Ein Blick auf seinen Vorgesetzten ließ den Traum sofort wieder platzen. Emmerich konnte sehen, dass es Gonska aus irgendeinem Grund schwerfiel, Contenance zu wahren. Seine Mundwinkel zuckten, und seine Oberlippe bebte, als wäre er kurz davor loszuprusten. Ganz gleich, welcher Spaß auch immer folgen mochte – er würde auf seine Kosten gehen.
Emmerich lehnte sich wieder zurück, schlug die Beine übereinander und verschränkte die Arme vor der Brust. »Ich höre.«
Haidrich atmete einmal tief ein und wieder aus und beugte sich zu ihm herüber. »Es geht um einen Fluch«, sagte sie beinahe lautlos.
Gonska tat so, als würde er husten, und Emmerich wusste nicht, ob er sich verhört hatte. »Wie bitte?«
»Pandora, der neue Film, in dem ich die Hauptrolle spiele, wurde mit einem Fluch belegt. Ich fürchte, es wird bald etwas Schlimmes geschehen.«
Emmerich starrte sie schweigend an.
»Verstehen Sie?«
»Aber natürlich.« Er verstand sehr wohl. Diese Frau hatte ein psychisches Problem oder ein Aufmerksamkeitsdefizit. Höchstwahrscheinlich beides.

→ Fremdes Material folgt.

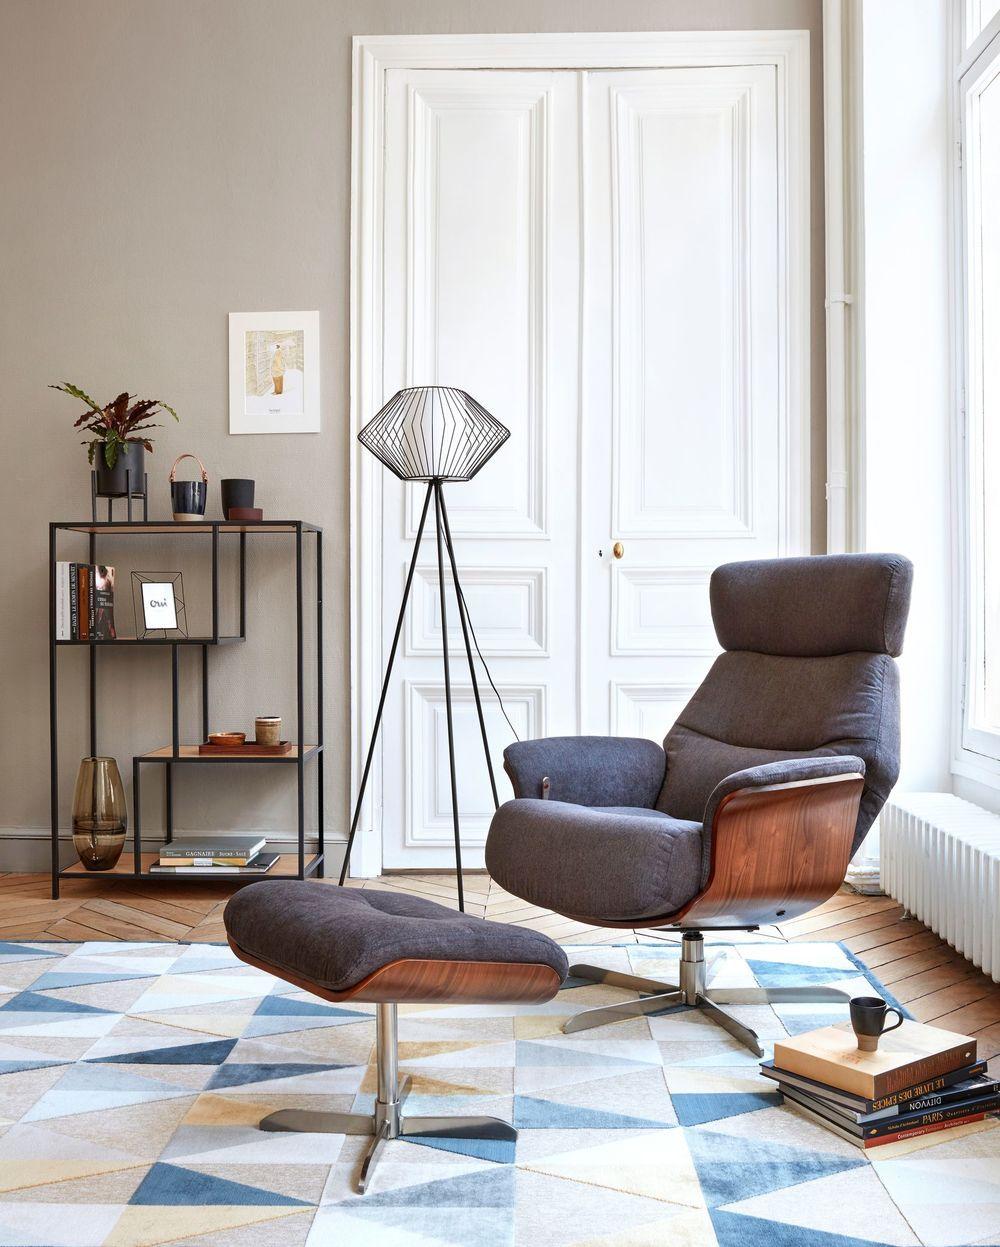 Couleur Mur Salon 2019 tendances couleurs 2019 | décoration maison, relooking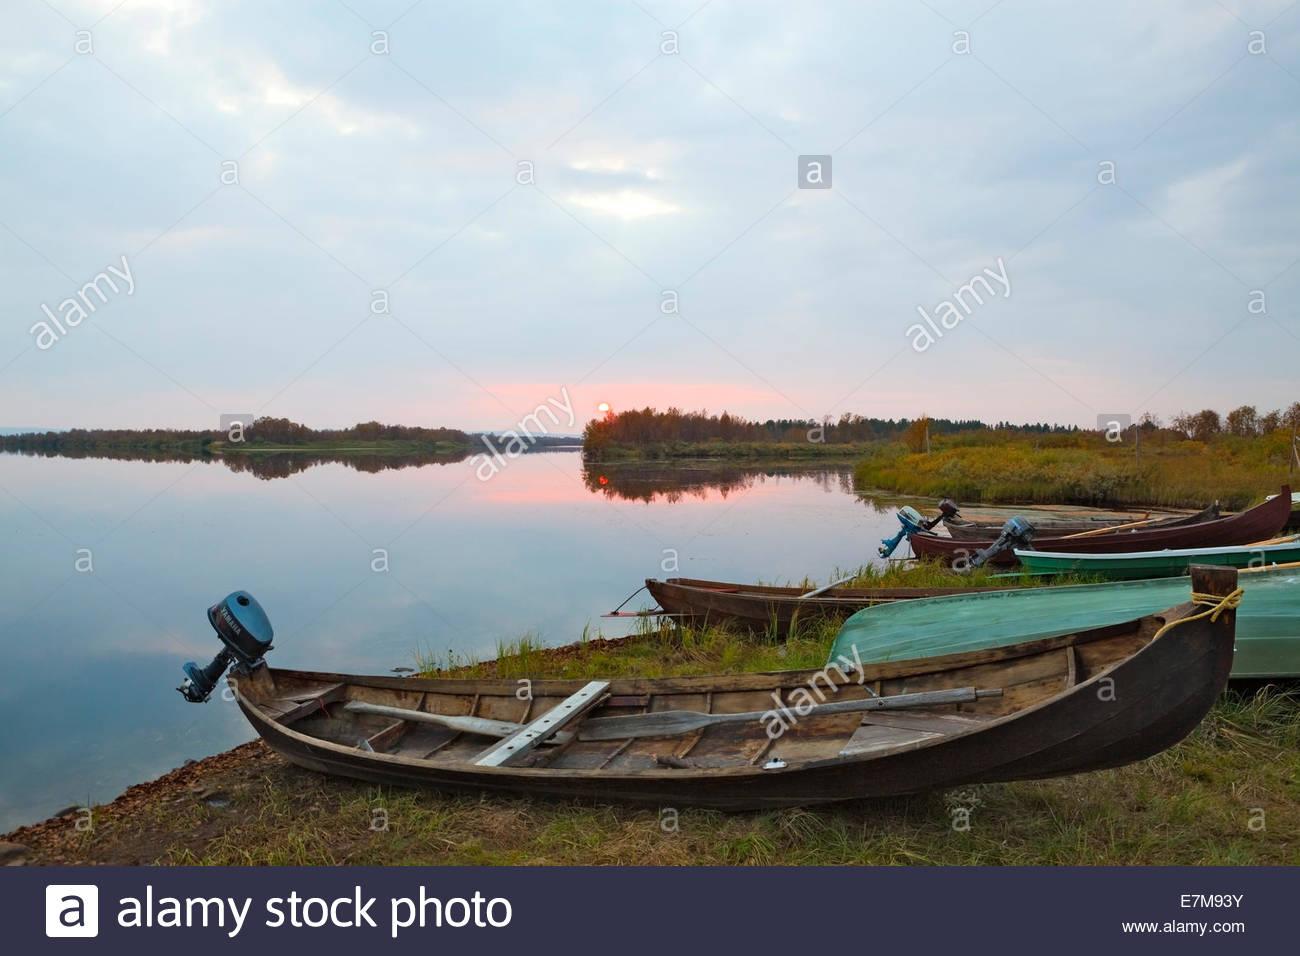 Boats on shore of Muonio River - Stock Image

Sie hatte den Zynismus in seiner Stimme entweder nicht gehört oder ihn nicht hören wollen, denn sie sprach unbeirrt weiter. »Als wir mit den Dreharbeiten begonnen haben, ist eine unheimliche Frau im Atelier aufgetaucht. Sie hat den Film verflucht. Seither ereignet sich eine Katastrophe nach der nächsten. Unfälle geschehen, Menschen werden krank … Das muss aufhören. Am Mittwoch wird die große Schlussszene inszeniert, und am Donnerstag richte ich einen wichtigen Ball aus. Da darf auf keinen Fall etwas passieren.«
»Und was soll ich Ihrer Meinung nach tun? Ich bin Kriminalbeamter, kein Exorzist.«
»Exorzismus nützt nichts. Das habe ich schon probiert.«
»Aber …« Emmerich fehlten die Worte.
»Sie sind doch darin ausgebildet, Hinweise zu verfolgen und Menschen aufzuspüren. Finden Sie diese Frau! Bringen Sie sie dazu, den Fluch aufzuheben!«
Emmerich kratzte sich am Kopf und musterte Rita Haidrich. »Sie meinen das tatsächlich ernst, oder?«
Sie nickte. »Es ist, als hätte diese Hexe tatsächlich die Büchse der Pandora geöffnet. Unerklärliche Dinge geschehen. Böse Dinge. Ich schwöre Ihnen, auf dem Streifen liegt ein Fluch.«
Emmerich fiel es schwer, sich zurückzuhalten. »Hören Sie …« Er sprach langsam und überdeutlich, so als würde er auf ein begriffsstutziges Kind einreden. »Das Problem wird sich auch ohne mein Zutun lösen. Diese ominöse Frau wird bald von ganz allein auftauchen und Ihnen anbieten, den Fluch zurückzunehmen – und zwar gegen eine beträchtliche Summe Geld.«
Haidrich legte ihre Hände in den Schoß und begann, ihre Nagelhaut zurückzuschieben. »Sie hat aber …«, setzte sie an weiterzureden, doch Emmerich bedeutete ihr zu schweigen.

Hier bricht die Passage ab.